Open MPI logo

Open MPI User's Mailing List Archives

  |   Home   |   Support   |   FAQ   |   all Open MPI User's mailing list

Subject: [OMPI users] intermittent segfaults with openib on ring_c.c
From: Fischer, Greg A. (fischega_at_[hidden])
Date: 2014-06-03 12:38:19

Hello openmpi-users,

I'm running into a perplexing problem on a new system, whereby I'm experiencing intermittent segmentation faults when I run the ring_c.c example and use the openib BTL. See an example below. Approximately 50% of the time it provides the expected output, but the other 50% of the time, it segfaults. LD_LIBRARY_PATH is set correctly, and the version of "mpirun" being invoked is correct. The output of ompi_info -all is attached.

One potential problem may be that the system that OpenMPI was compiled on is mostly the same as the system where it is being executed, but there are some differences in the installed packages. I've checked the critical ones (libibverbs, librdmacm, libmlx4-rdmav2, etc.), and they appear to be the same.

Can anyone suggest how I might start tracking this problem down?

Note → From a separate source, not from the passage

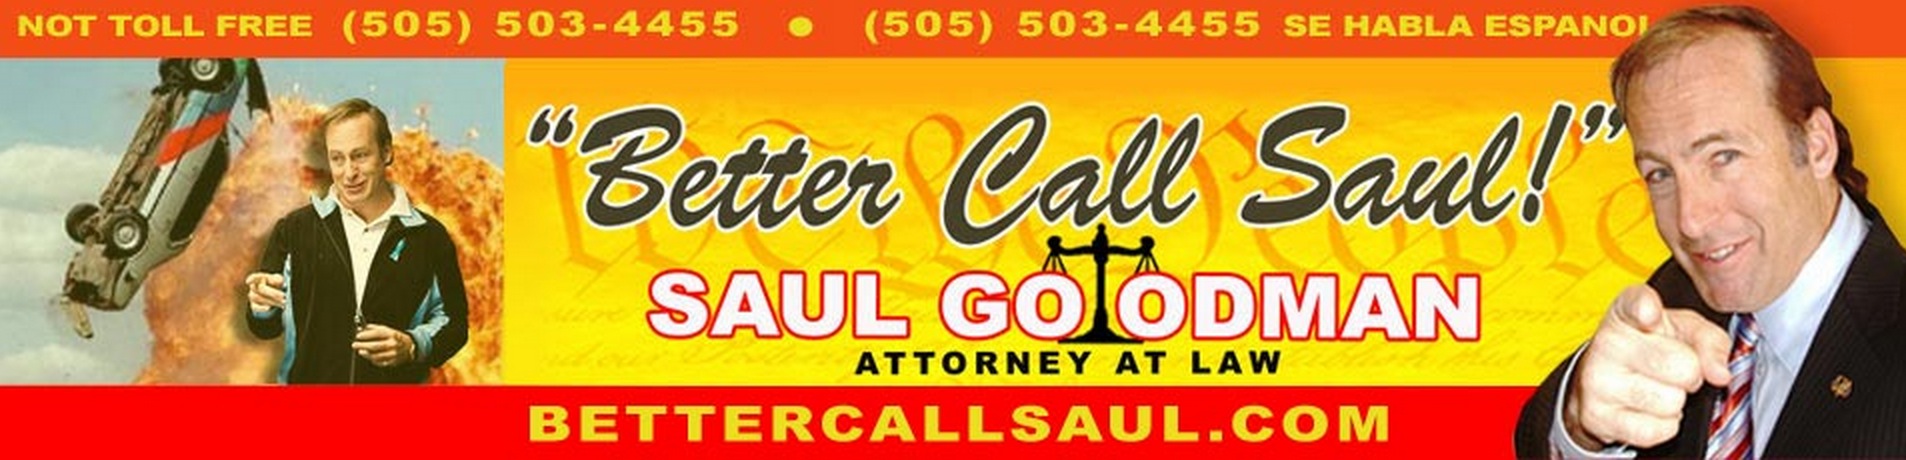 Better call saul serie TV

[binf102:fischega] $ mpirun -np 2 --mca btl openib,self ring_c
[binf102:31268] *** Process received signal ***
[binf102:31268] Signal: Segmentation fault (11)
[binf102:31268] Signal code: Address not mapped (1)
[binf102:31268] Failing at address: 0x10
[binf102:31268] [ 0] /lib64/ [0x2b42213f57c0]
[binf102:31268] [ 1] /xxxx/yyyy_ib/intel- [0x2b42203fd7e3]
[binf102:31268] [ 2] /xxxx/yyyy_ib/intel- [0x2b4220400d3b]
[binf102:31268] [ 3] /xxxx/yyyy_ib/intel- [0x2b42204008ef]
[binf102:31268] [ 4] /xxxx/yyyy_ib/intel- [0x2b4220400876]
[binf102:31268] [ 5] /xxxx/yyyy_ib/intel- [0x2b422572334c]
[binf102:31268] [ 6] /xxxx/yyyy_ib/intel- [0x2b422041d64a]
[binf102:31268] [ 7] /xxxx/yyyy_ib/intel- [0x2b422573612f]
[binf102:31268] [ 8] /lib64/ [0x2b42213ed7b6]
[binf102:31268] [ 9] /lib64/ [0x2b42216dcd6d]
[binf102:31268] *** End of error message ***
mpirun noticed that process rank 0 with PID 31268 on node xxxx102 exited on signal 11 (Segmentation fault).